Recent national developments have further exposed the poor quality of reasoning amongst our teeming youths and allegedly educated folks. The impact and influence of uninformed narratives have exposed that as a nation, we may be no better than a people whose measure by academic receipts (certificates) is not matched intellectual rigor and reasoning.
This is quite alarming considering Nigeria boasts a large continent of educated people in the diaspora who do not reason any better than those who are stuck on this shore.
This realization compelled this writer to seek a critical review of how we as a country ended up in the current predicament with a view to finding redemption and right-aligning our challenged collective progress.

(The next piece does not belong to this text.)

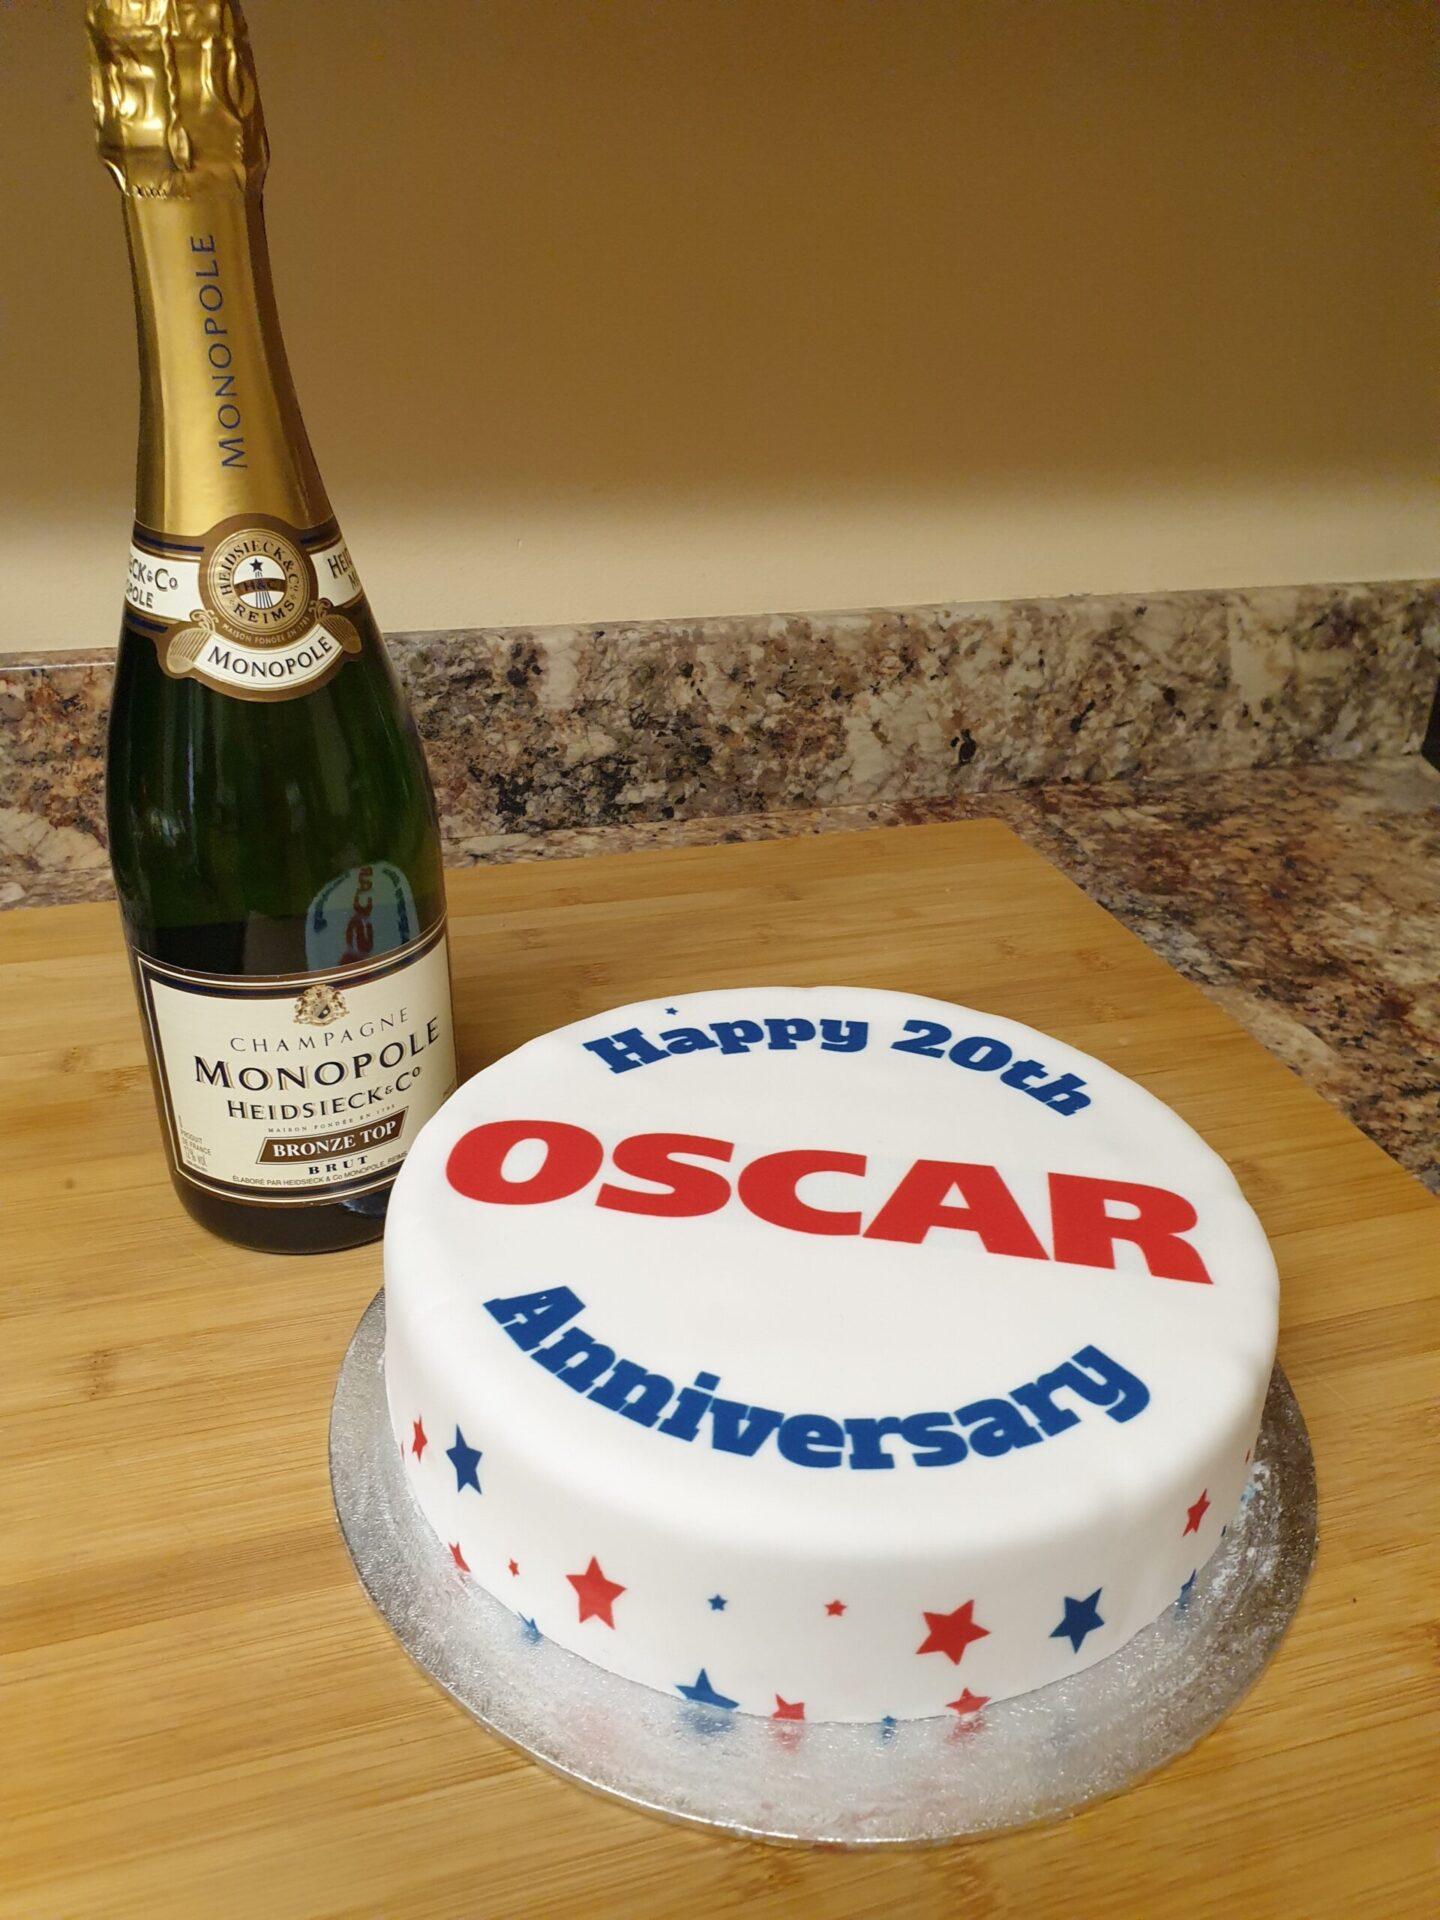 Happy 20th Oscar Anniversary

It is time to examine the disease rather than the continued lamentations around the symptoms in Nigeria.
Nigeria’s education history
Before colonial times and the advent of Western education, we operated an informal education system that focuses more on the advocacy of sound social values, sound character, hard work, communal development, and veneration of experience and wisdom.
We had developmental issues, but as a people, we were making collective economic and social progress. The reliance on oral transmission and storage of history and information as against developing literature meant we subjected successive generations to the nuances of personal biases, understanding, or the vicissitudes of periodical developments.
An upside of this development we mustn’t forget is that this practice also improved the memorizing capacity of successive generations. However, it established a form without substance such that many can recall but do not understand the principles that guided and created their recollections.
The colonial era and the importation of religion, Christianity, and Islam, ushered in academic learning in Nigeria. We started learning letters and putting forms into words.
Concepts became concretized. Our already robust imagination was given wings and in no time, we bested and excelled more than our colonial masters, even in the use and application of words.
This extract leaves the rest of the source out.